Stepper generation	NA	$\lambda$	DOF (image)
KrF DUV (1990s)	0.6	248 nm	$\pm 0.7$ μm
ArF DUV (2000s)	0.9	193 nm	$\pm 0.24$ μm
ArF immersion (2010s)	1.35	193 nm	$\pm 0.11$ μm
EUV (2020s)	0.33	13.5 nm	$\pm 0.12$ μm
EUV high-NA (2025+)	0.55	13.5 nm	$\pm 0.045$ μm

The decreasing DOF at high NA is one of the major engineering challenges of modern lithography — wafer flatness, mask flatness, and lens depth-of-focus must all be controlled to within 50 – 100 nm for the latest generations.

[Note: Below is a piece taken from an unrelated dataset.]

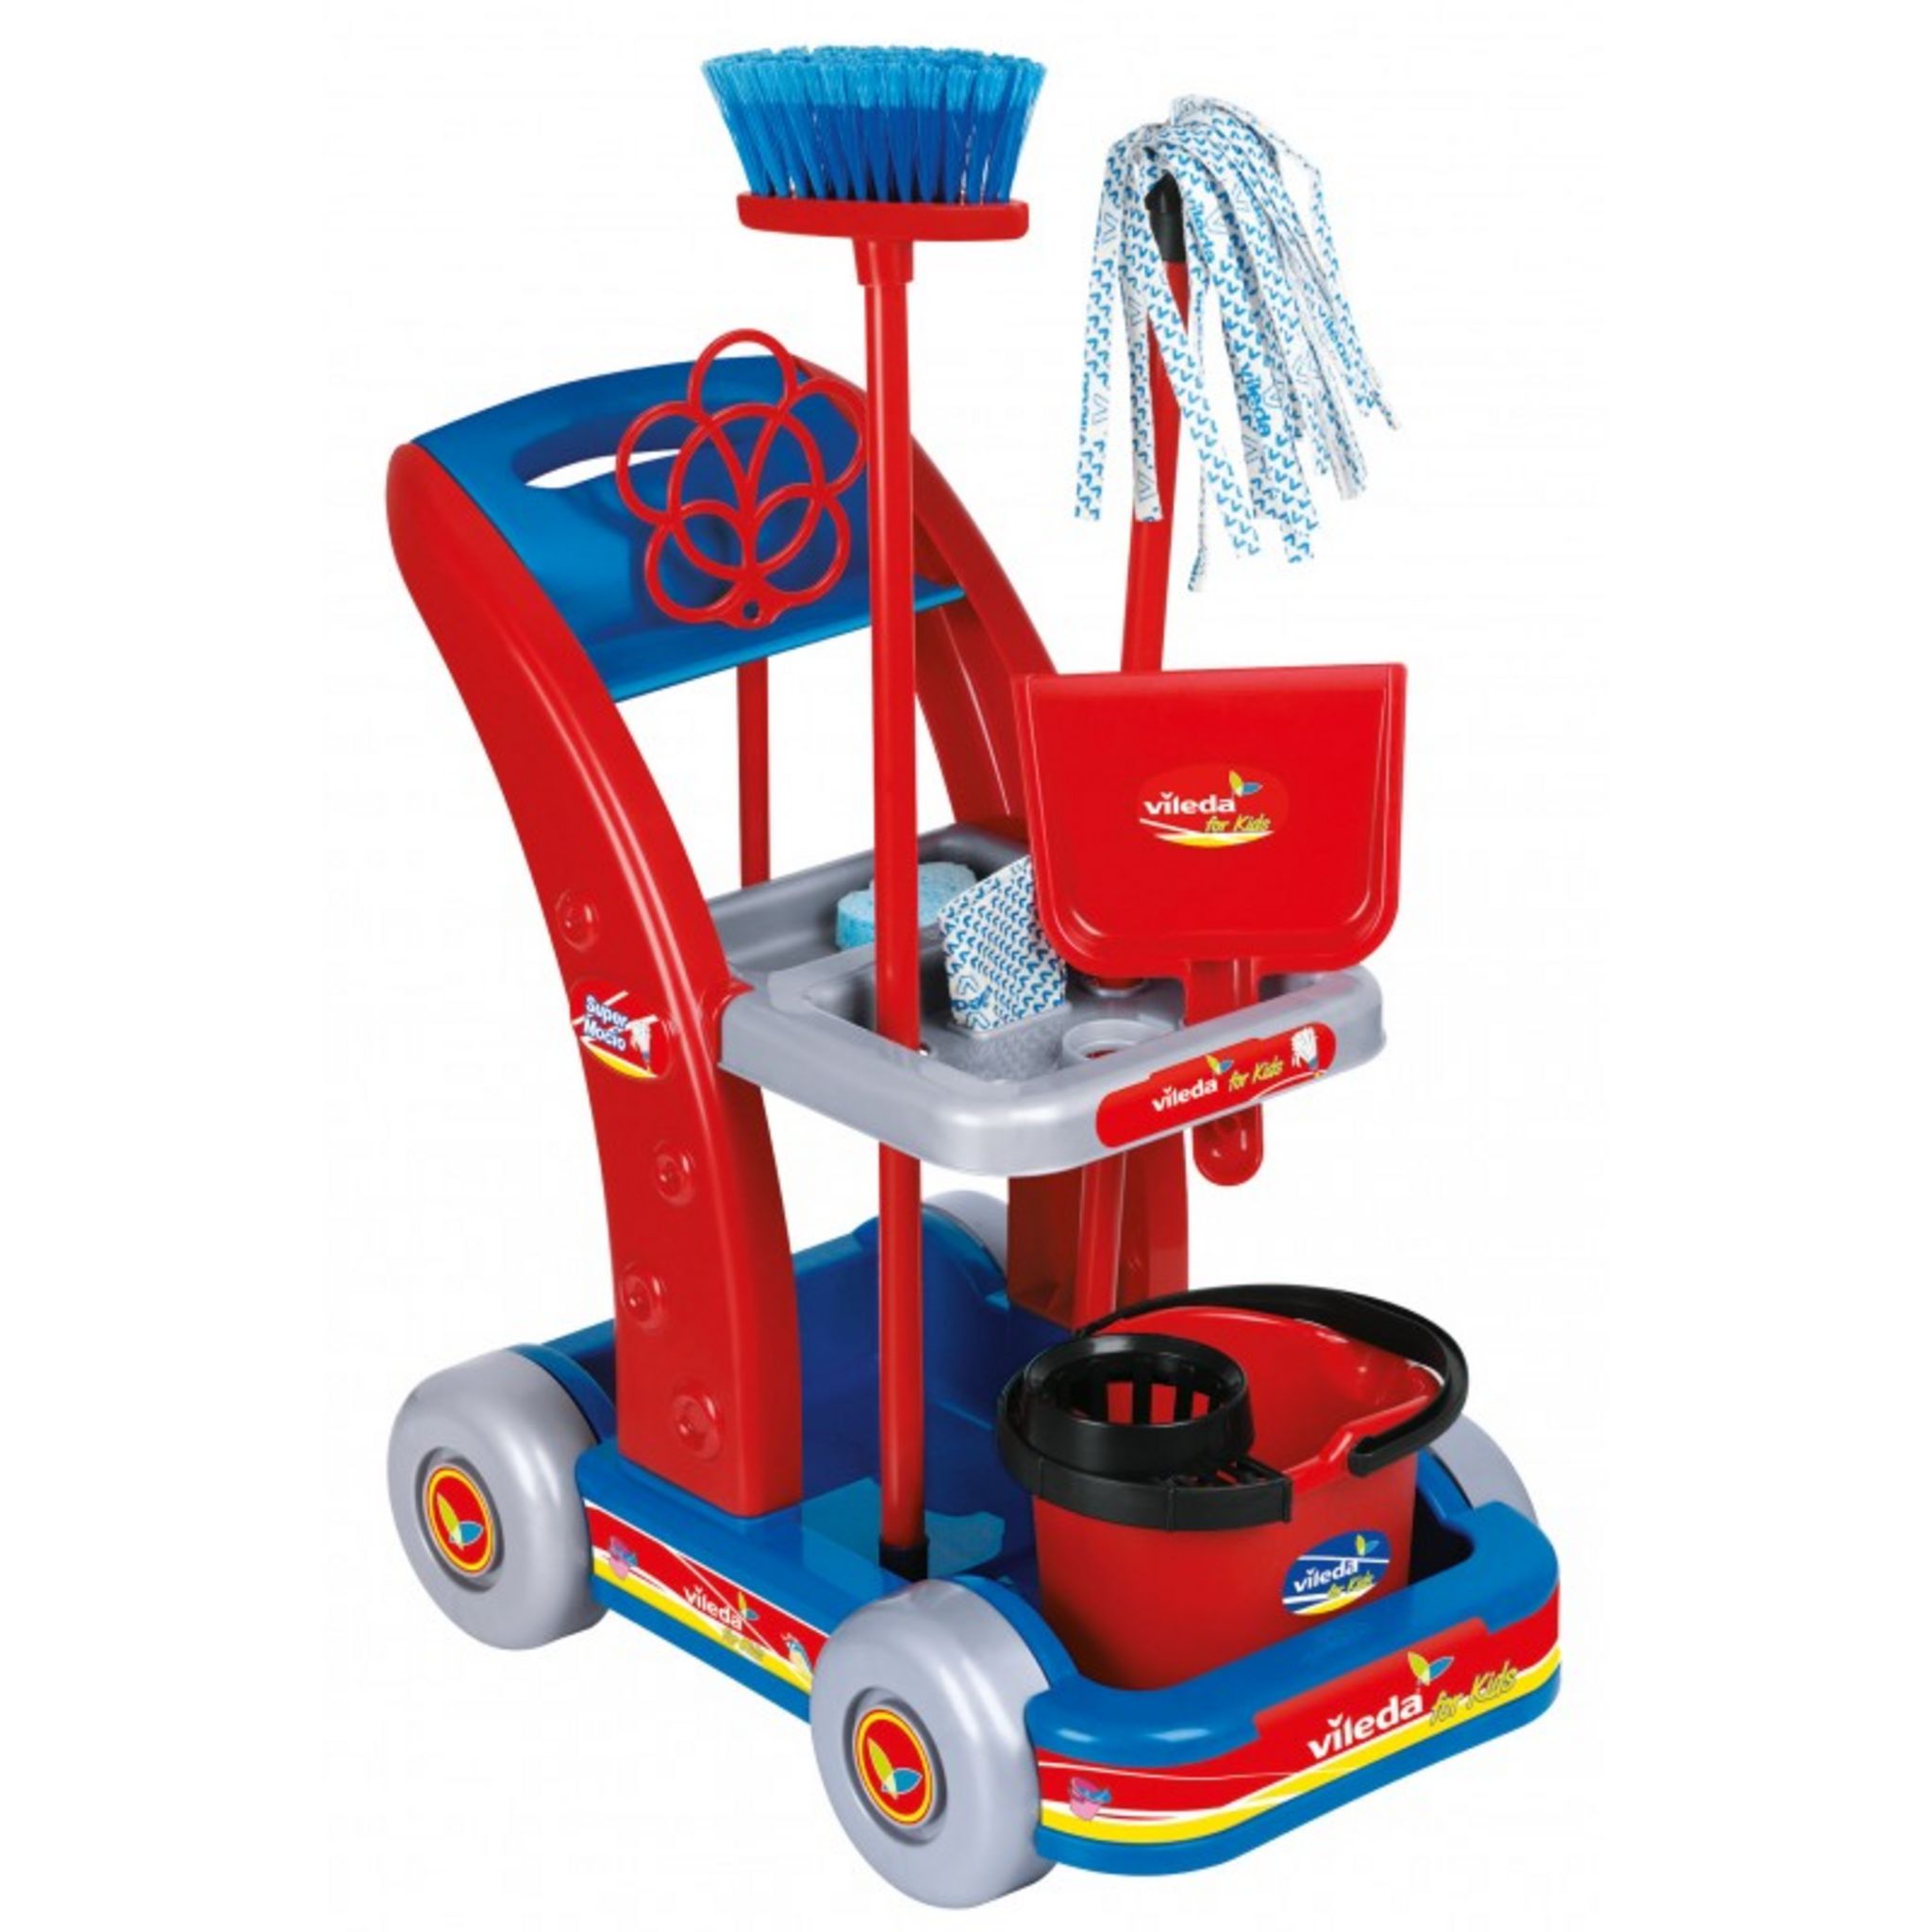 Chariot de ménage Vileda et aspirateur - Jeux et jouets Klein
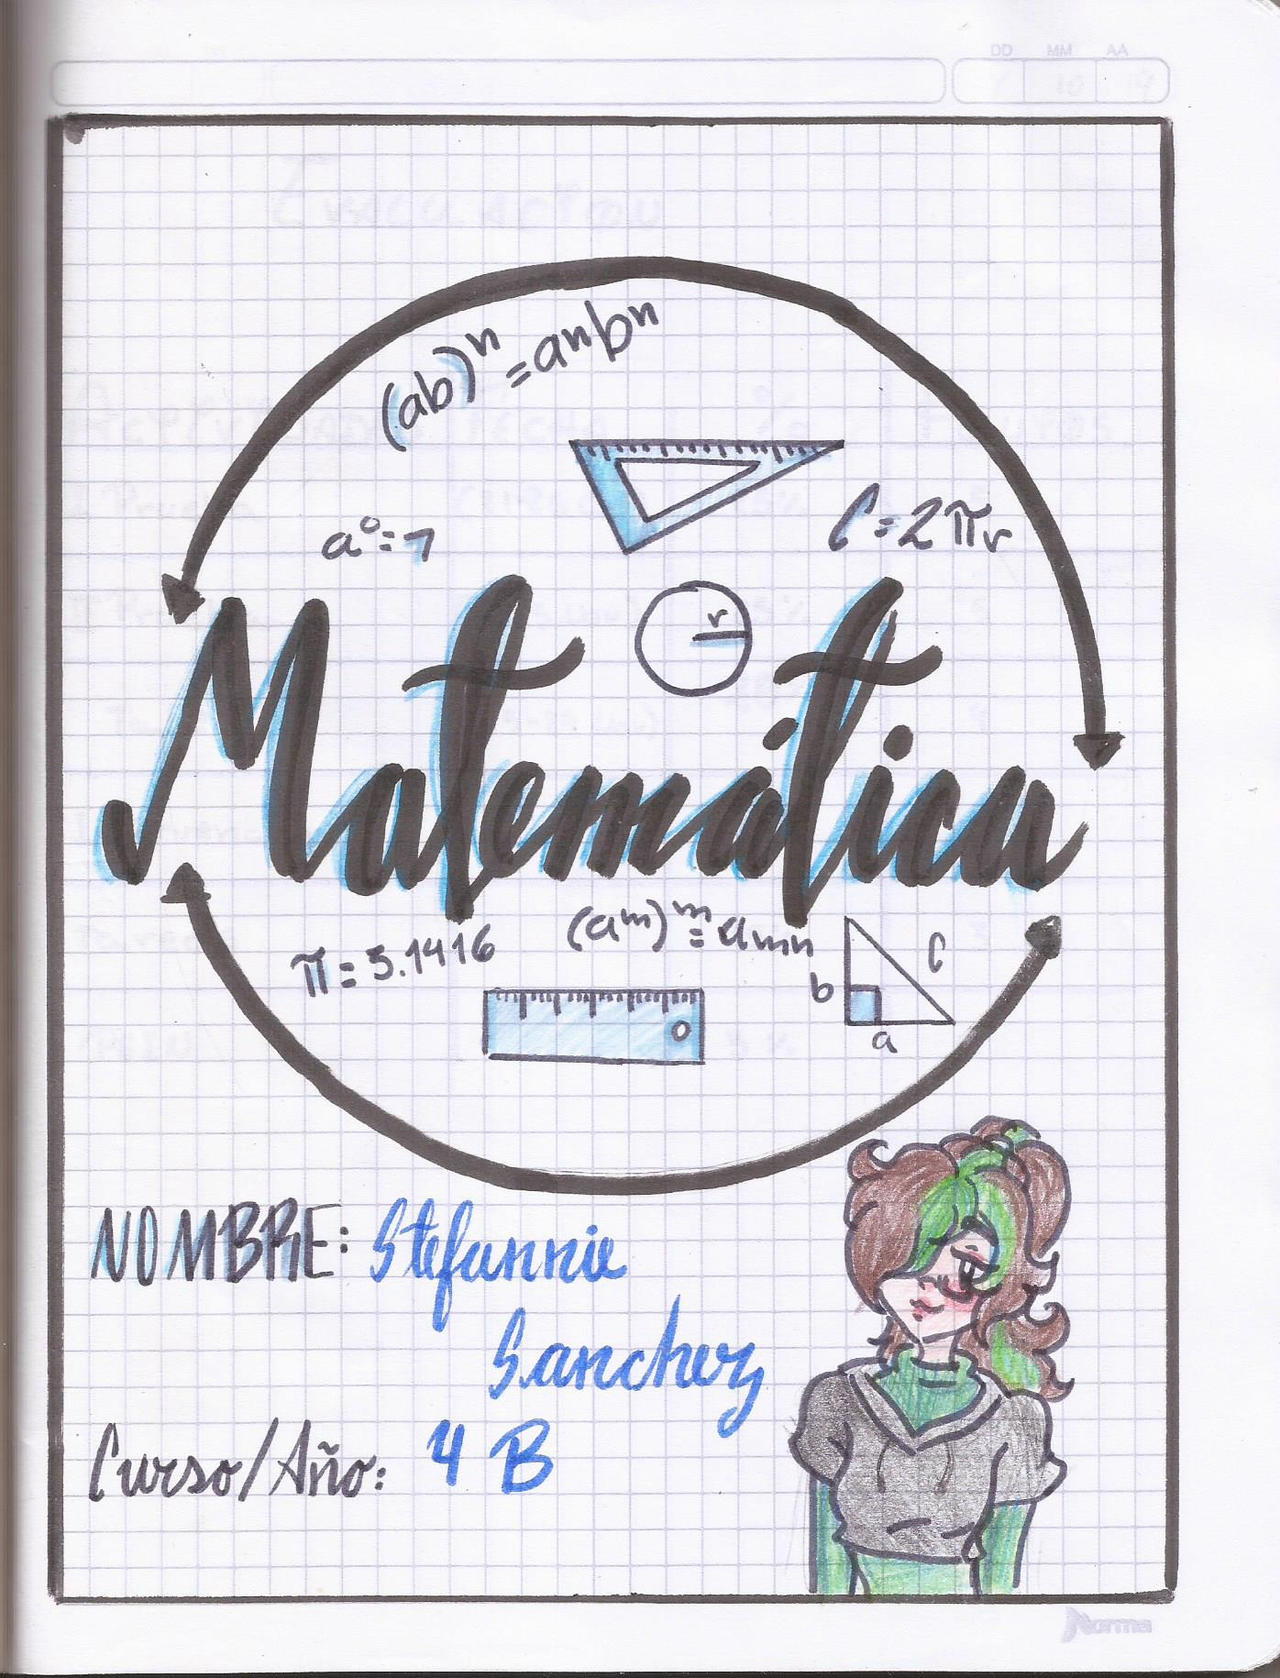 Portada de Matematica by stefannie2 on DeviantArt

DOF in laser focusing. For a focused Gaussian beam, the relevant longitudinal length is the Rayleigh range:

$$z_R \;=\; \frac{\pi w_0^2}{\lambda} \;\approx\; \frac{\lambda}{\pi \, \text{NA}^2}.$$

The Rayleigh range plays the role of DOF for Gaussian beams: over this range, the beam stays within $\sqrt{2}$ of its minimum waist. This is the natural figure of merit for laser machining, particle trapping, and nonlinear-optics interactions where the longitudinal interaction length matters.

Extended DOF techniques.

• Cubic phase mask (Dowski-Cathey): a phase mask plus computational deblurring extends DOF by 5 – 30× at the cost of slight loss of resolution
• Hyperbolic phase mask: similar concept, different mask profile
• Light-field imaging (Lytro, Raytrix): capture multiple focal planes simultaneously; reconstruct any focus after capture
• Time-multiplexed focus: ultrasound-driven focus scanning at video rate

References: Saleh & Teich, Fundamentals of Photonics (3rd ed., 2019), Ch. 3 (Gaussian beam Rayleigh range) and Ch. 4 (imaging system DOF); Hecht, Optics (5th ed., 2017), Ch. 5 for the imaging-optics treatment; Born & Wolf, Principles of Optics (7th ed.), Ch. 8 (aberration-broadened imaging).